By this time, however, Young had become a determined and vocal activist – and something of a celebrity in environmental circles. She even won an award from the Women’s Peacepower Foundation for her ‘True Cost of Coal” Tours.
But with that notoriety, came a downside. Her fight against coal fired power plant pollution made her some significant enemies – in power companies, state agencies, and even in her community. She received several threats.
There’s more. Her commitment to the fight also cost her job, her peace of mind, and some of her family and personal relationships. But all that did not end her fight for environmental justice.
Finally a Victory
In November 2009, AMP Ohio decided not to build another coal-fired power plant near Racine, Ohio.
For Young and all the others who fought the plant – a victory.
(Plans for the other coal-fired power plants are on hold, tied up with funding and other issues.)
Today, Young is a bit burned out – and burned by the experience. She no longer lives in Racine. She has reluctantly given up her dream. Young feels the area still has too many coal-fired power plants and too much pollution raining down. The community is still riled up and the issues are too raw. Young felt she needed a new start, so she moved near Athens, OH, about 40 minutes from Racine.

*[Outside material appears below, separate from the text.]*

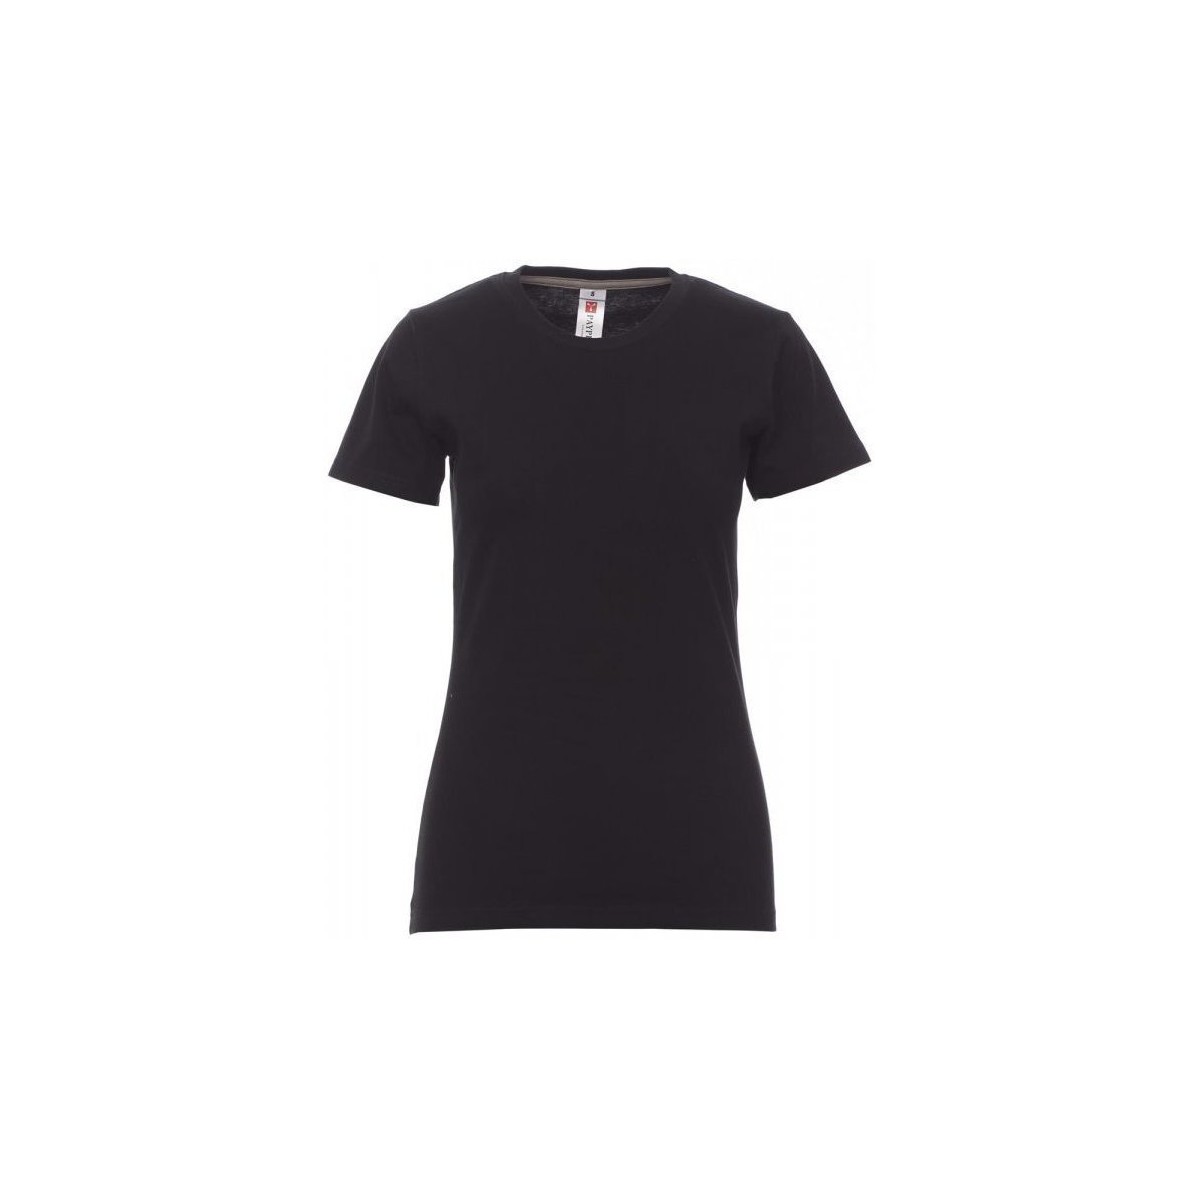 Textiel Dames T-shirts korte mouwen Payper Wear T-shirt femme Payper Sunrise Zwart

The move has not put a stop to Young’s commitment to protecting the health and property values of people in rural communities.
Currently she sees injection wells and “horizontal fracturing” a process that extracts gas from deep deposits underground as a threat to the health of communities. Ohio has thousands of injection wells – holes in the ground in which waste containing various pollutants from oil and gas extraction are dumped. And there’s a new push from energy companies to lease land for extracting gas from underground deposits embedded in shale, hundreds of feet below ground. Many believe these activities pose environmental and health dangers, especially with regard to water quality.“I know that people can and must stand up for what is best for their communities – and the health of the people within them,” said Young. “People can stop harmful projects. Knowing that, I just can’t sit by. I have to put my experience to work for the good of communities.”
What stands out most about Young is her unwavering focus and dedication. She admits sometimes she stays up all night reading the fine print of various technical documents. Most of us would have given up by now. But not Young.
Her little act of saving a skullcap bush lit a big fire of activism that still burns brightly – Young’s commitment to protecting people and the land seems to have grown ever stronger.
Photos courtesy of Elisa Young, except where noted in the caption. Feature story by Bojinka Bishop.
For more stories about people doing important and fascinating things, click on the “People” tab in the blue navigation bar at the top of the page.
Editor’s Note: According to Eric Klinenberg, author of Going Solo, The Extraordinary Rise and Surprising Appeal of Living Alone, “… people who live alone tend to be more involved in volunteering in civic groups [than married people.] From an interview on the Diane Rehm Show, Feb. 7, 2012.
And Bella DePaulo in her book, Singlism, noted a study by E. Kay Trimberger (in The New Single Woman, Beacon Press, 2005) that showed singles have strong ties to their extended families, are adept at forming networks of friends, and are very involved in their communities.